Translation? The new Republican House of Representatives will put the brakes on whatever measures have been propping up the fragile economy and, in one last-ditched effort to resurrect the ghost of Reagan, will sink the nation into the depression Obama at least kept us from sliding into. They will slash spending at a time when that spending is the only thing keeping the states from issuing massive layoffs, cut programs designed to mitigate the effects of the recession and, worst of all, rather than trim the deficit, they will end up ballooning it to unheard of heights by making the Bush tax cuts permanent. When Obama vetoes their attempts, they will simply huff and puff and bring down the House. Literally! It was one thing to see this Party sit on the sidelines the last two years as they watched the building burn to the ground, we now get to watch as they sell off the hoses and fire trucks.

This is the threat that America faces this Tuesday, and it may well be the worst threat it has dealt with since World War II. This isn’t about liberalism vs. conservatism anymore; that ship sailed a long time ago. This is now about reasonable sanity – albeit a corporatist one – vs. the most unhinged nightmarish scenario imaginable. Nothing else can explain it adequately. As I have said on more than one occasion, the inmates are about to take control of the asylum and burn it down in the process.

And out of the ashes of their arrogance and incompetence, rather than take some measure of responsibility for the soaring unemployment that will undoubtedly ensue, the new Republican Party will once more pass the buck and blame emperor Obama for their mess. And since election trends tend to run at least two cycles, that makes 2012 the last exit before the cliff. It might well take decades to repair the damage this time around.
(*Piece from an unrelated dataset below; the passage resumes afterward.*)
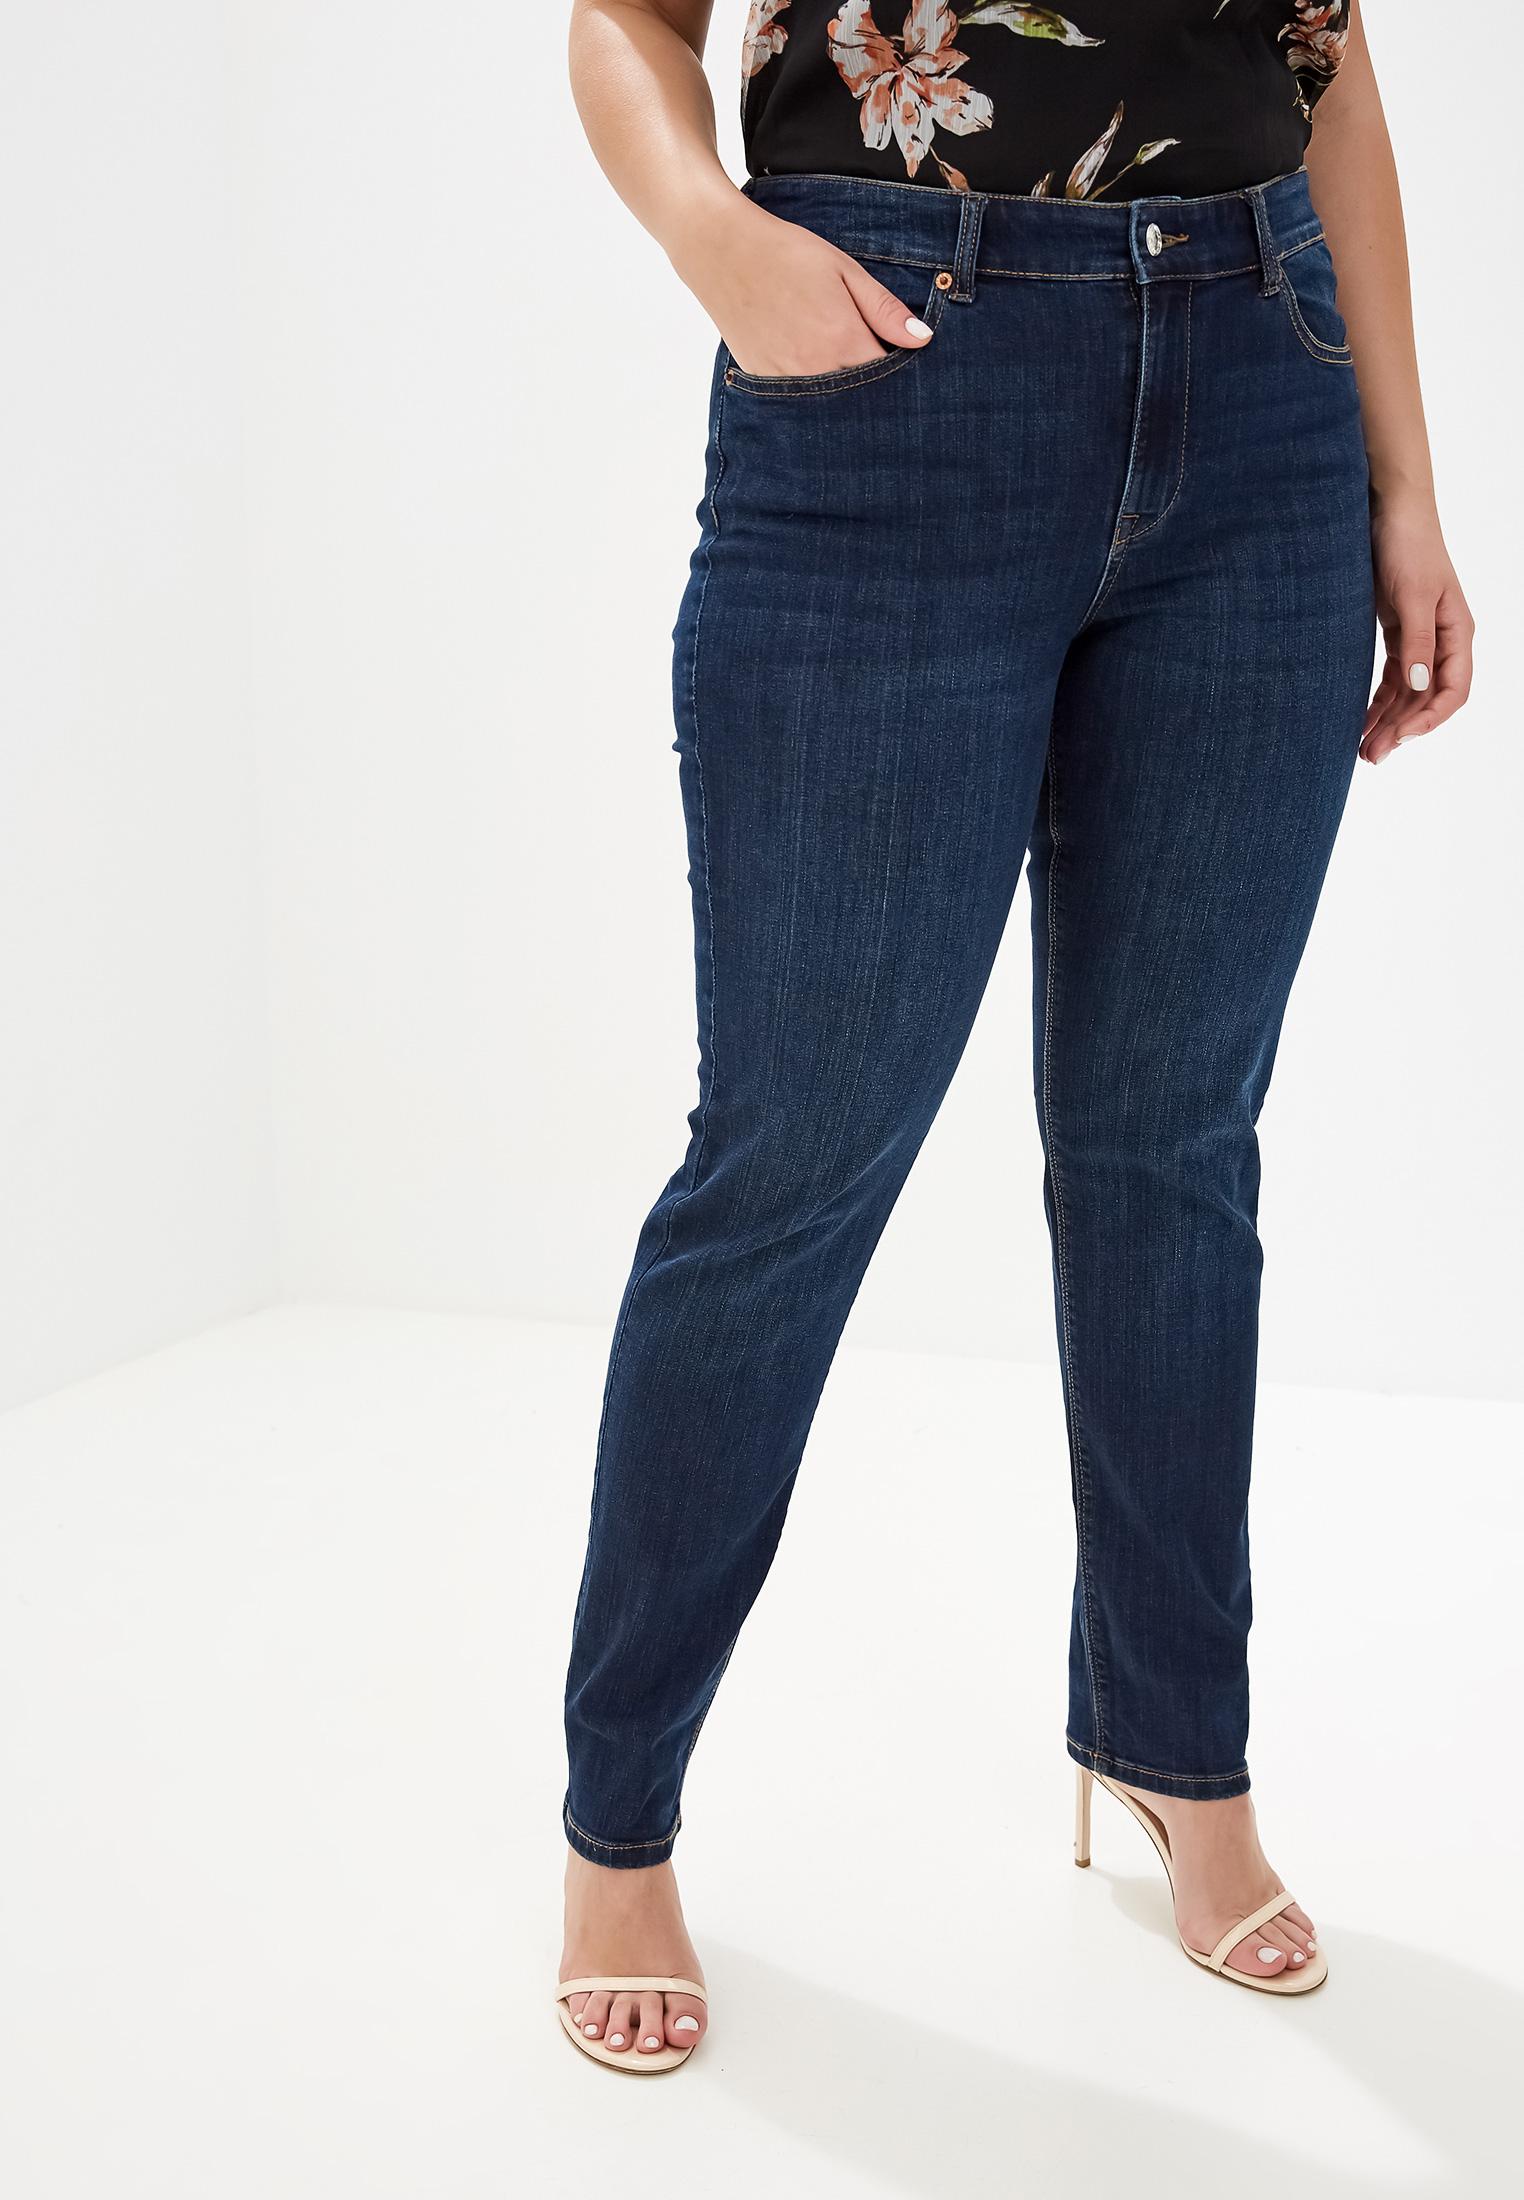 Зауженные джинсы Violeta by Mango (Виолетта бай Манго) 53830468

Time is running out on this runaway train. There now appears to be little, if anything, Democrats can do to stave off a crushing defeat in the House. They have trudged out Bill Clinton, to no avail. The problem isn’t one of logistics anymore. It’s a win or lose proposition. Even a one-seat majority in the House will be sufficient for Republicans to put their foot down and run the show. Unlike the Senate, the House needs no two-thirds majority to enact legislation or pull the plug on legislation it doesn’t like. True, we may get to see what President Obama is really made of with a Republican majority; equally true it may not matter. If you thought Newt Gingrich was extreme, wait until this crew takes over. And thanks to the Supreme Court, it may well be quite some time before the nation can rid itself of their presence.

And all this because a knee-jerk response nation couldn’t see past its own frightened nose and, when push came to shove, not only put its own head in the guillotine, but willingly tugged on the rope that released the blade. To quote Paul Krugman, “Be afraid. Be very afraid.”

Comments

dmarsilia said…
One view of the upcoming mid-term 2010 election sees the event as the Titanic plunging blindly into a North Sea of political icebergs with the impending doom of the sinking once and for all of the American experiment. A more apt analogy is the sailing event, the America’s Cup. Two behemoths, the Democrats and Republicans, in a match race of apparent simplicity but immense and conflicting complexity. The resiliency of our economic and political system lies within a web of interlocking dependencies and is often overlooked in the descriptive analysis and trend predictions of an electoral outcome. Similar too, is the formation of the America’s Cup teams and the two party systems as competing and highly moneyed factions. The USA is not simply a single vessel hampered with an overabundance of hubris and a flawed design in a dangerous situation but is two craft hoping for the indeterminate outcomes of nearly incalculable premises. The actions of the one are continually at play in reaction to the other and the impacts of the interplay in each other’s capability, while also adjusting to the ever changing winds of event and circumstance.